Created One Orchestrate Job for the Entire process, It get the processing date and Triggers all the 4 dim load in parallel (Transform jobs), Once after the dim load process is done, Fact load is triggered ( Transform Job).
For some reason Fact load fails or one of the dim load fails, then the entire orchestrate job goes to Failed state. When I rerun the Job, It should process only the failed loads.
Eg: If Fact load failed, On Rerun Dim loads should be skipped and Fact need to be triggered
or If One of Dim failed, Only the Failed Dim load should get triggered and then Fact process should start.
How to achieve this Design in Matillion?
Do we have Checkpointing in Matillion to skip the completed the process ?
There's no concept of restartability with Matillion jobs. If you re-run a failed job it will just run the whole thing again from the start. I think that's why they have this section on idempotence in the HA design document. The idea is that you design your jobs in such a way that it doesn't matter if they get run multiple times.
You can re-start a job manually from a chosen component, but it does not allow you to restart multiple threads of activity, or from partway through an interator. If you do that there's no easy way to reset the variables to how they were at the point of failure, although this Exchange Job might be helpful.
What you are describing is very typical and definitely doable. There are a couple ways of tackling this issue but I will describe the most common one I see and it's the one we use. We created a config table in Snowflake which we leverage to track state. It's basically an EAV (Entity, Attribute, Value) model. This table can be used to track state of a whole job, a task, set of tasks, or all of the above but the idea is that you are using this table track a state.

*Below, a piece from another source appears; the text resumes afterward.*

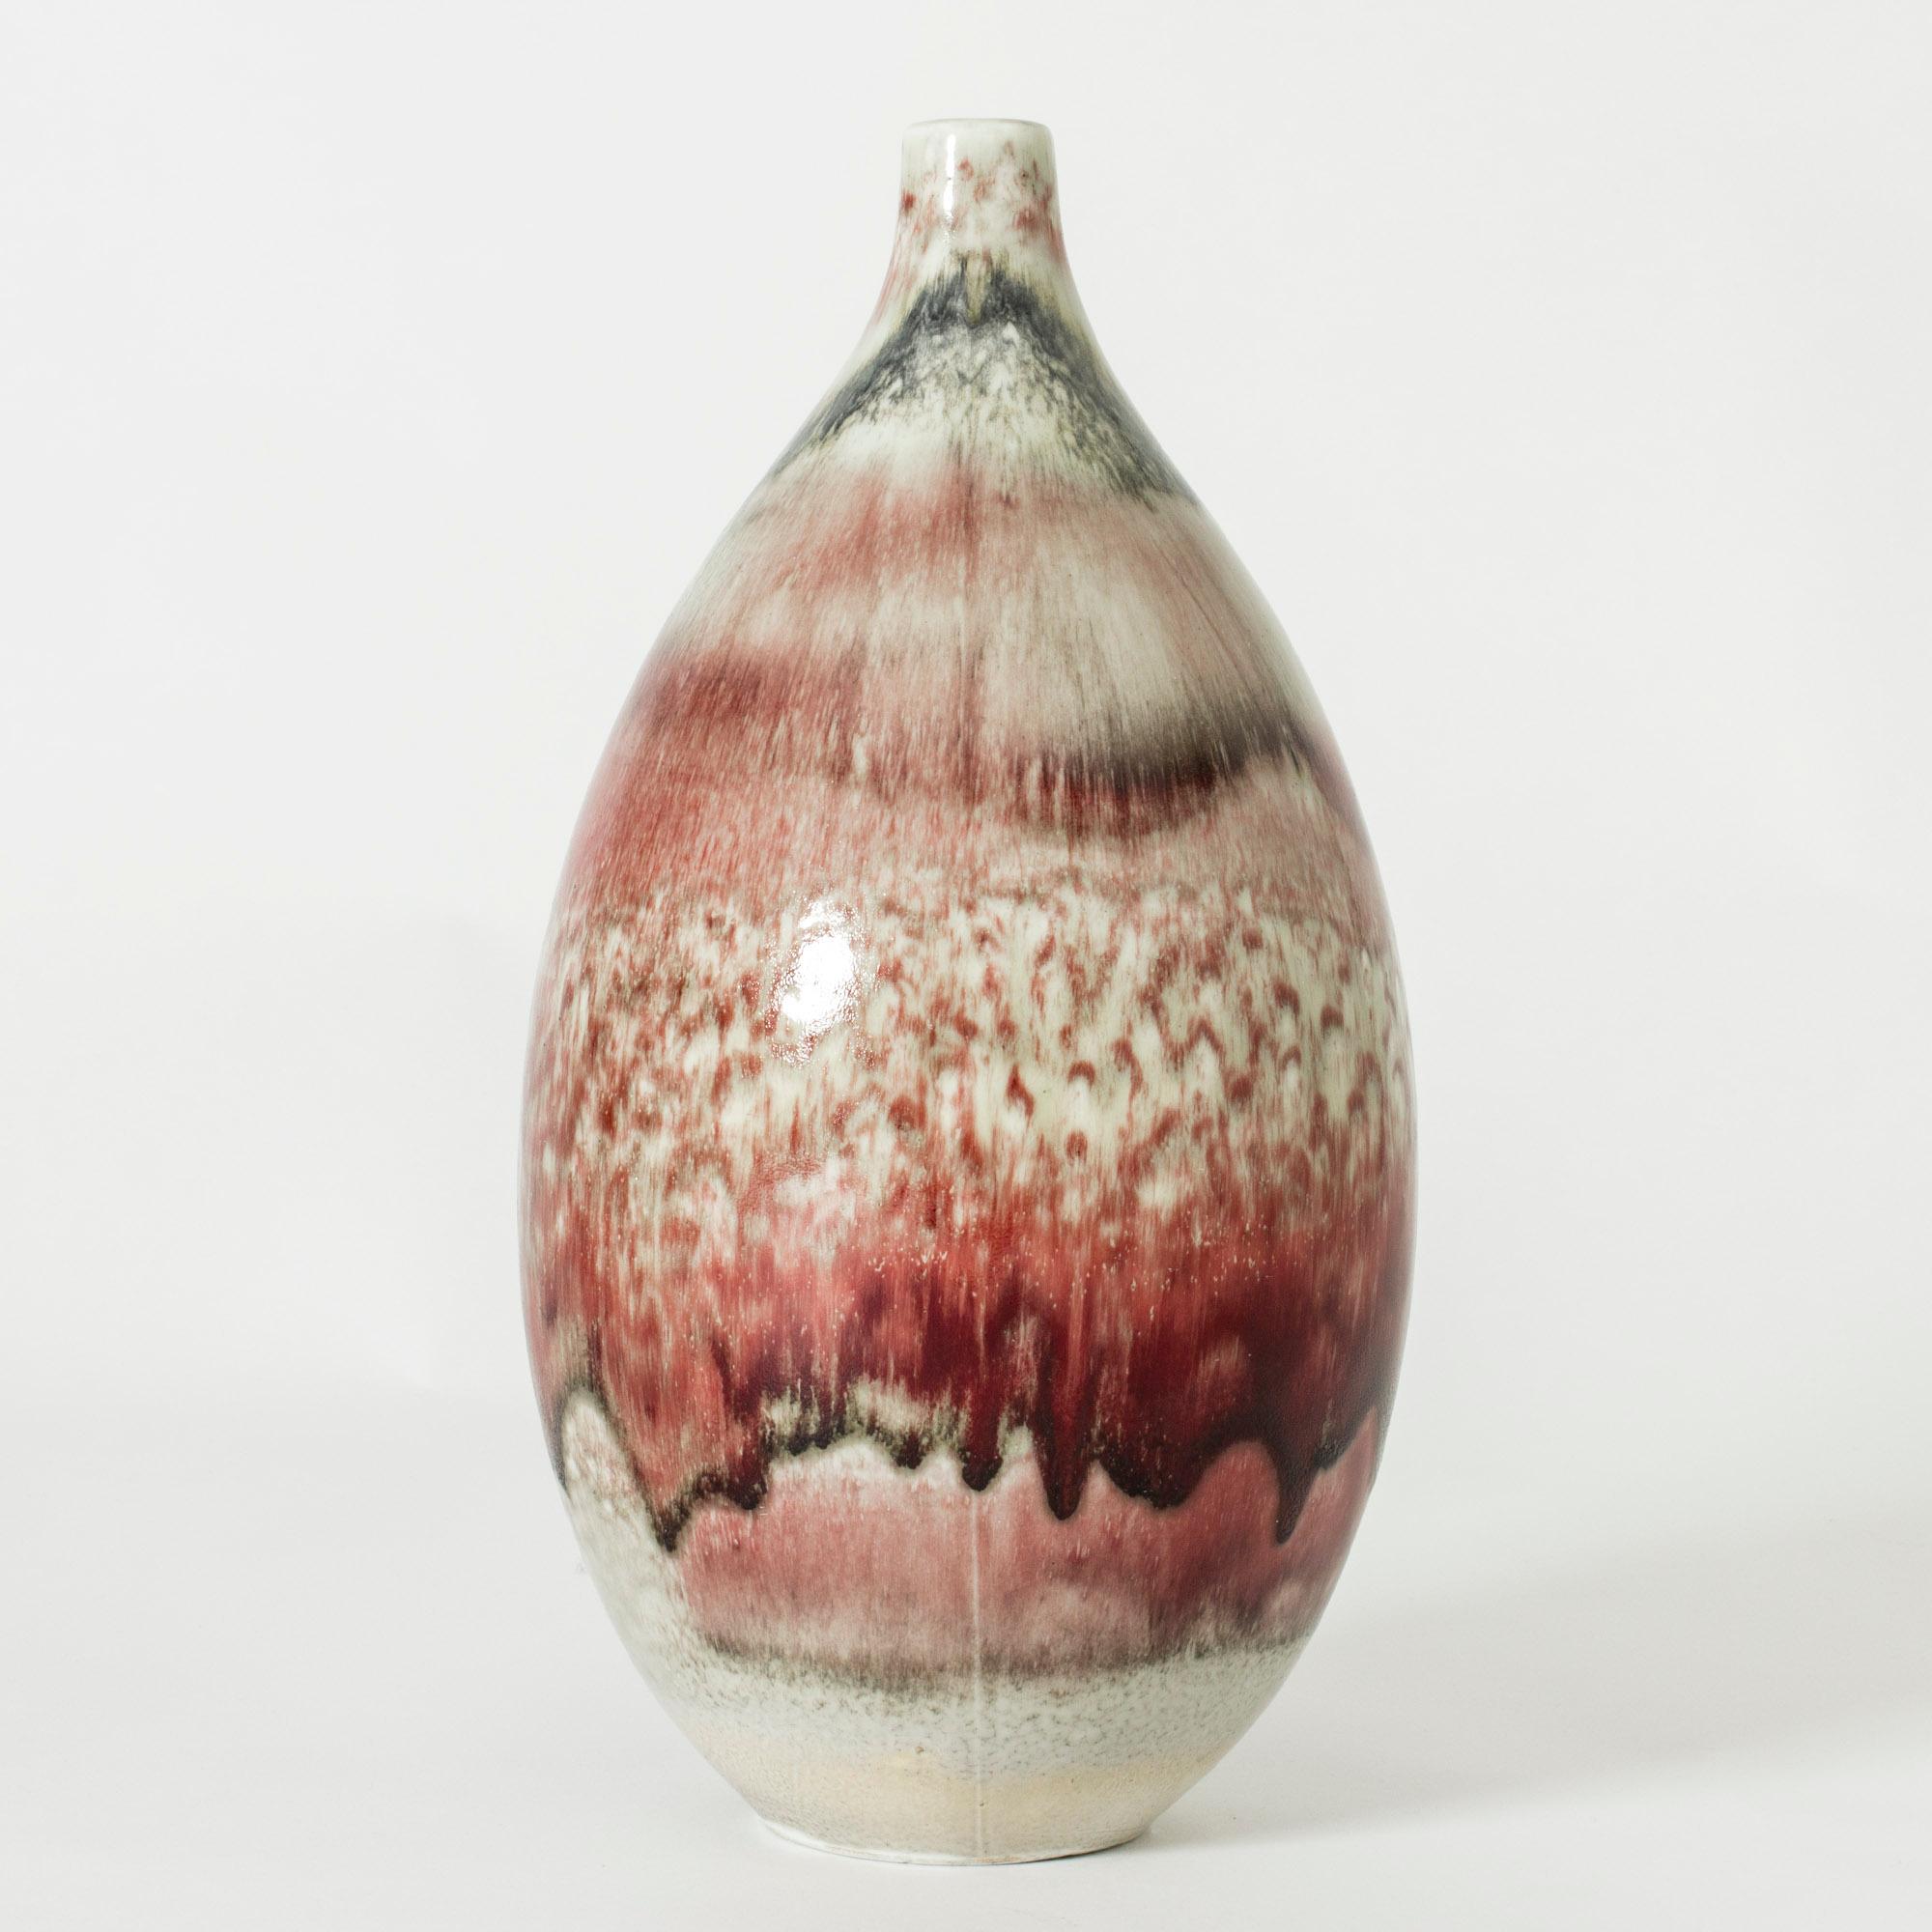 Steinzeugvase von Friedl Holzer-Kjellberg, groß und voluminös, glasiert mit einer erstaunlichen, tiefroten Ochsenblutglasur. Schöne Variation der Glasur rund um den Körper.

So, let's apply this to your scenario. You have 4 dim loads happening asynchronously at the same time. For each one of those 4 loads you would have an entry in the config table that defines the schema, table, job, and timestamp. The first step to loading a dim would be to update the corresponding record in the config table and remove the timestamp. This is the indicator that the dim is in a loading status. When the dim has completed the last step is to set the timestamp value to the current timestamp. This does 2 things for you. It tells you when the last load completed and whether it loaded successfully.
Now that you have a state tracking mechanism for your individual loads, you would put some logic at the beginning of your job that would only process the Dim or Fact tables that do not have the timestamp set or meet some logic like the timestamp is set but it's the next day or window for the job run so run it anyways. I hope this helps paint a picture of how to tackle this. Let me know if this isn't clear enough and I can probably offer some more info. Thanks!
It's really all about tracking state of each load and determining what to do about it.
Thanks Bryan for the detailed explanation. I understood that matillion doesn't have an inbuild functionality and user has to build it based on their use case, We need to maintain a JOB_LOG table to track the loads and if the loads are done skip it else trigger the loads.
You are correct about Matillion not having that level of logging functionality. In all honesty, doing it yourself outside of Matillion helps in a handful of ways. It allows you to design a system that works best for you, your company, and the situation. If you have ever been in a position where the company decides to take a different approach to things which requires new tooling, it's easier to pivot to a new toolset if you have not developed yourself into a long term tool dependency.